Williams is one of my favorite columnists to read. This should be an interesting podcast.
Walter Williams on Life, Liberty and Economics, EconTalk Permanent Podcast Link: Library of Economics and Liberty


----------



## fredtgreco (Dec 21, 2007)

Williams is fabulous! I remember reading his books from the Conservative Book Club in the mid-80s.
Were you around then, Jacob? 

Just kidding!


----------



## RamistThomist (Dec 21, 2007)

Touche!


----------



## PuritanCovenanter (Dec 21, 2007)

I love Walter Williams also. He writes some good stuff.


----------



## Semper Fidelis (Dec 21, 2007)

Very witty and intelligent. I always enjoy him on the rare occasion I listen to the Rush Limbaugh show and he's the guest.


----------



## DMcFadden (Dec 21, 2007)

fredtgreco said:


> Williams is fabulous! I remember reading his books from the Conservative Book Club in the mid-80s.
> Were you around then, Jacob?
> 
> Just kidding!



Are you serious? I have socks older than Jacob!


----------



## RamistThomist (Dec 21, 2007)

DMcFadden said:


> fredtgreco said:
> 
> 
> > Williams is fabulous! I remember reading his books from the Conservative Book Club in the mid-80s.
> ...



That's at least 25 years old, for those who are wondering.


----------



## Pilgrim (Dec 21, 2007)

SemperFideles said:


> Very witty and intelligent. I always enjoy him on the rare occasion I listen to the Rush Limbaugh show and he's the guest.

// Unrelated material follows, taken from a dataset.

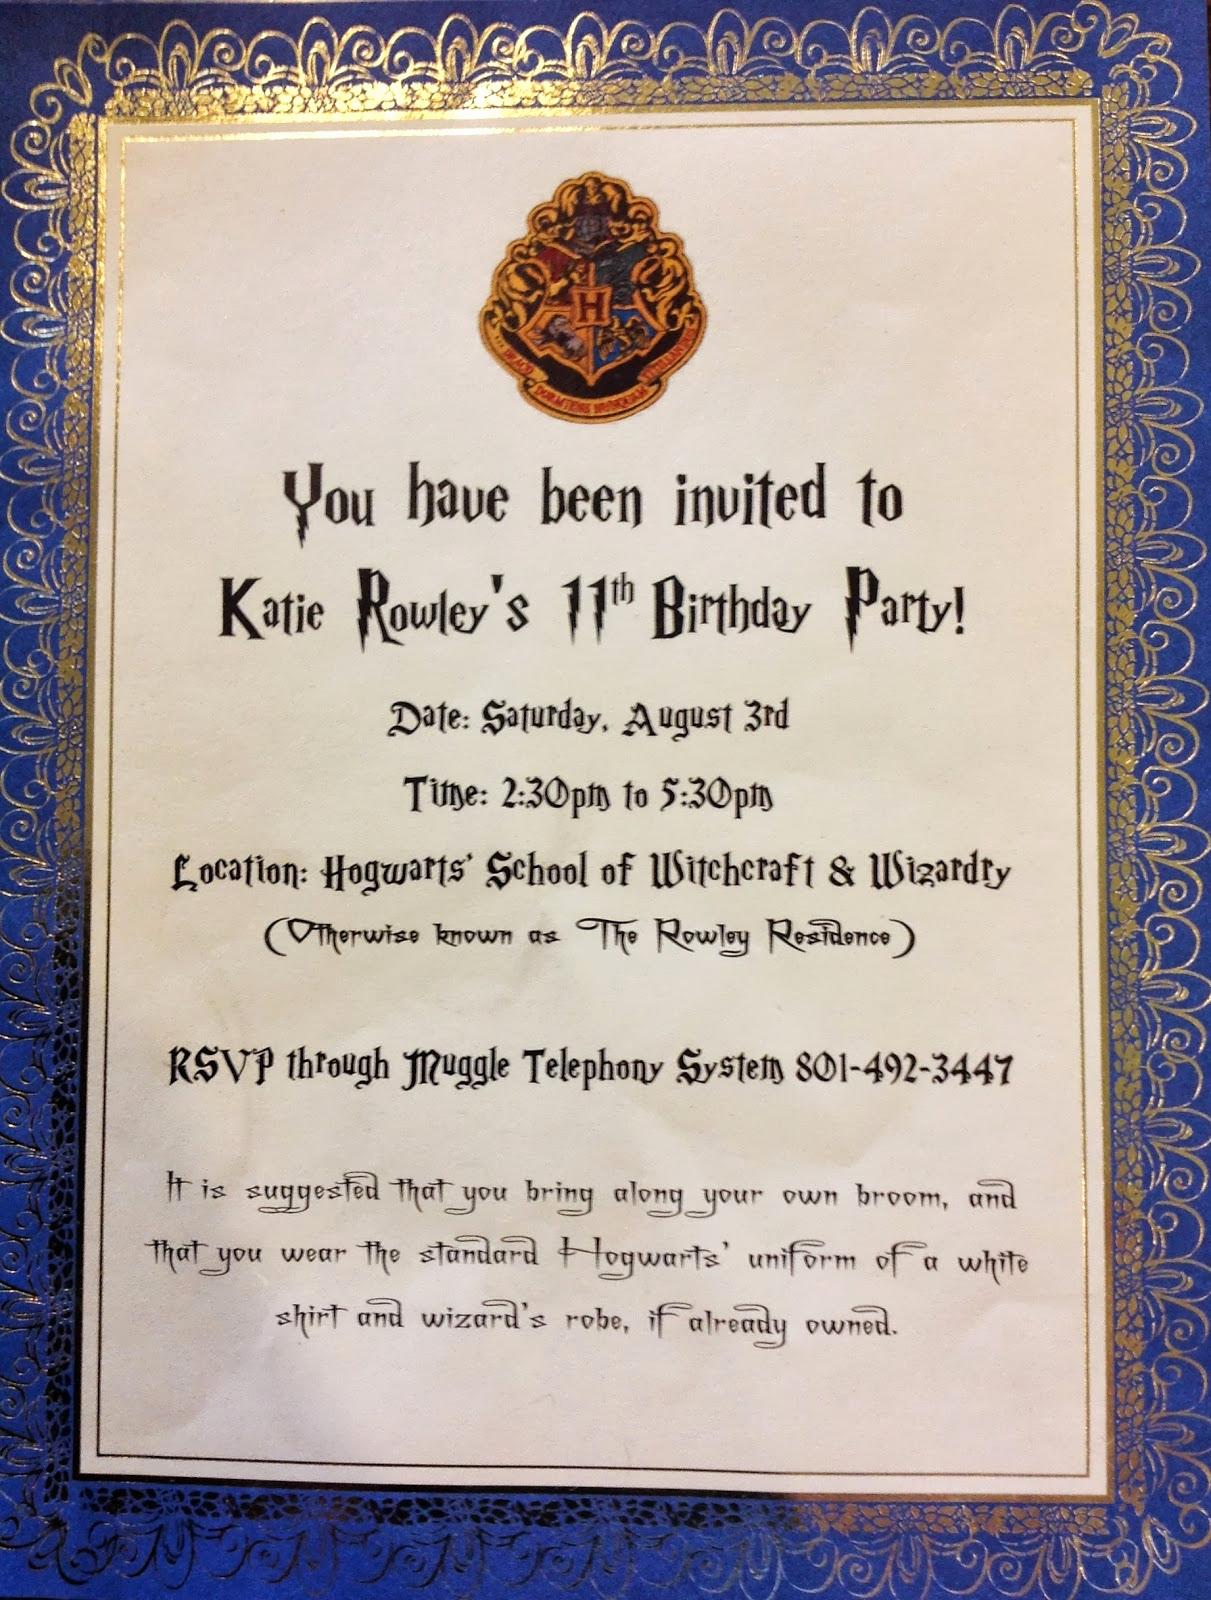 Harry Potter Birthday Invitation Luxury Puddle Wonderful Learning Harry Potter Birthday Party

In the early 1990's he was probably the main fill in for Rush. I always enjoyed listening to him, and he still occasionally fills in.


----------



## PuritanCovenanter (Dec 22, 2007)

DMcFadden said:


> fredtgreco said:
> 
> 
> > Williams is fabulous! I remember reading his books from the Conservative Book Club in the mid-80s.
> ...


 but who cares?

Man, Introduce me to your Dryer, Darner, and all around cloths washer. My kids find my socks and wear holes in them during one wearing. If they don't trash my socks the dryer casts one of two into the black hole of dryers. I am always buying socks.  I don't think I have a pair that is older than six months old.


----------